Thus says the Lord of hosts, the God of Israel, to all the exiles whom I have sent into exile from Jerusalem to Babylon: Build houses and live in them; plant gardens and eat their produce. Take wives and have sons and daughters; take wives for your sons, and give your daughters in marriage, that they may bear sons and daughters; multiply there, and do not decrease.But seek the welfare of the city where I have sent you into exile, and pray to the Lord on its behalf, for in its welfare you will find your welfare.
The beginning of a new year is the perfect time to stop and reflect on life and purpose. With 2022 kicking off, we want to refocus ourselves as a church family and remember the vision God has called us to.
The brokenness of our world is not hard to miss. We experience it in our personal lives, and we experience it on a bigger level within the social and political spheres of our world. Even our children recite words that address brokenness:
Humpty Dumpty sat on a wall
Humpty Dumpty had a great fall
All the king’s horses and all the king’s men couldn’t put Humpty together again
This familiar nursery rhyme captures the idea of a brokenness that exists in our world which cannot be fixed.
But that is NOT the story of our faith. The story of the Bible tells of a powerful God who is able to make the broken unbroken. He alone is capable of taking what is broken and fixing it until it’s whole again.
This is good news! News that the world around us desperately needs to hear. Broward county has a population of 1.9 million people. A one-mile radius surrounding our church building holds 112,000 people.

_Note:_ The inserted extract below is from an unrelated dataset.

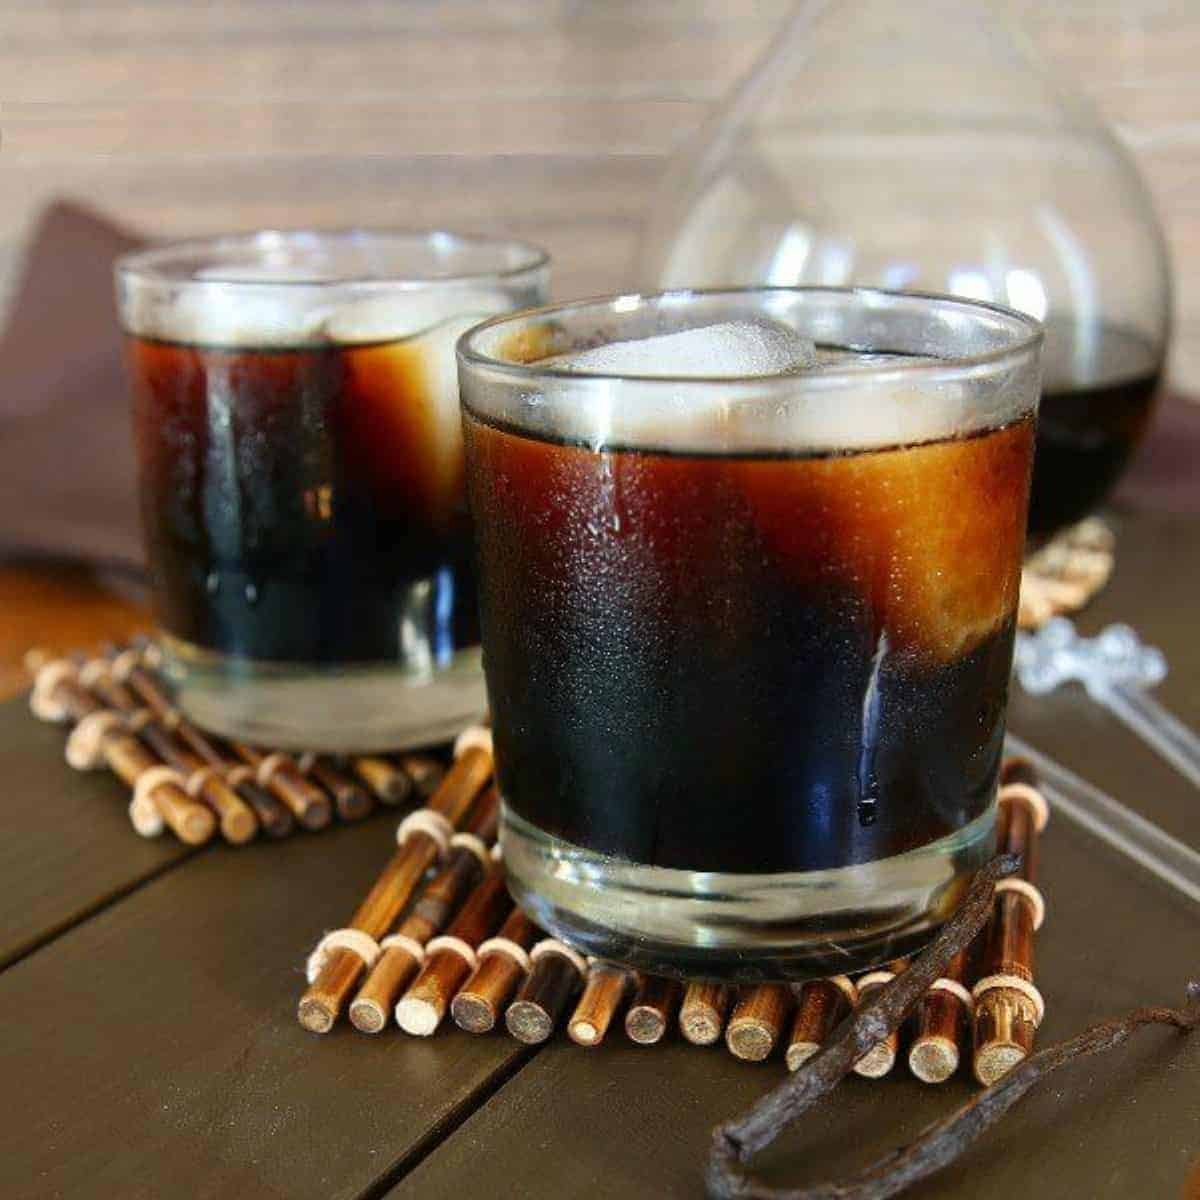 Two glasses filled with ice and dark Kahlua.

Our church property is located on the tip of 4 different cities that contain more brokenness than we could ever know how to fix. God wants us to see South Florida through his eyes and to love it. Yes— you read that right— love it! Everybody loves to hate South Florida— the heat, the traffic, the unfriendly people, the huge bugs and the pre-historic reptiles. But this is where we live, and if this is where we live, then this is where we’re called.
In the Old Testament, God’s people were in a similar situation but much worse off than we are. The Israelites were conquered by the Babylonians and taken away from their homeland to live in enemy territory. Imagine how hard it would be to love the place where you live in that situation. God intervenes by sending his people a letter through the prophet Jeremiah. If you were there, what would you hope to read in a letter from God? We would probably want to hear God say that he’s coming to rescue us, that we won’t be here long and that soon this messed up situation will be fixed and we could return home.
God says something very different, maybe even opposite of what the Israelites may have been expecting. He tells them to settle in. He tells them to build houses and live in them, plant gardens and eat of their produce. He tells them to marry the people of the land, to have children and marry them off so they could have children. In other words, he’s telling them, “You’re gonna be here for a while.”
The language in this passage is vastly different from our Amazon Prime, same-day delivery culture. The language of this passage is agricultural, generational, long-form. God sees the future and knows what’s best. He calls his people to be at home in the place where he has sent them (verse 4). We believe that God is calling us to the same purpose. He is calling us to SHIFT, SEEK and SHALOM.
Our hearts are prone to wander from God. When a child is prone to running away from their parents, healthy boundaries and constraints are needed to keep them safe. We, too, are in need of God’s intervention. It’s tempting to resist painful situations, but what we see in this passage is a mindset shift. Verse 4 assures us that the Israelites were in Babylon because God had sent them there. That’s a perspective-shifting reality. It was not the devil that put them in this situation. It wasn’t even the Babylonians. It was God who sent them into exile. Are we willing to shift our own perspective?
Where we are is where we’re sent.
As believers, our perspective must shift. God has placed you in your neighborhood, job, marriage, church, etc. on purpose. Let that motivate you to plant deep roots and make a difference where you are!
Resist the temptation to withdraw. Fight the urge to seclude. In verse 7 we hear God calling his people to be proactive for the sake of their newfound community. We, like the Israelites, are to seek comprehensive peace. We pursue it, chase it so that we can be agents of wholeness for the world around us.
How do we seek wholeness? We obey God’s word, surrender our lives, and pray. We pray not only for our own benefit but for the good of the city around us.
We also seek wholeness by building and planting right where we are. We are called to be productive, to be contributors, in the place where we’ve been sent. What is God calling you personally to do to contribute to the world around you?
The word shalom is a special term in scripture. In this passage, it’s translated as “welfare,” which has a specific connotation for us in modern-day America. What it actually means is an all-encompassing, comprehensive peace, or wholeness. We are called to bring the shalom of God, his wholeness, to the world around us.
This can only be accomplished, however, if we have experienced peace with God ourselves. Our own personal brokenness must be dealt with before we can bring wholeness to others. Seek greater understanding of what Jesus has done to fix your broken relationship with God. Be made whole as you find forgiveness and purpose in him. Be changed. See your place in the bigger picture and be inspired to bring this knowledge of God’s love and life-changing power to others.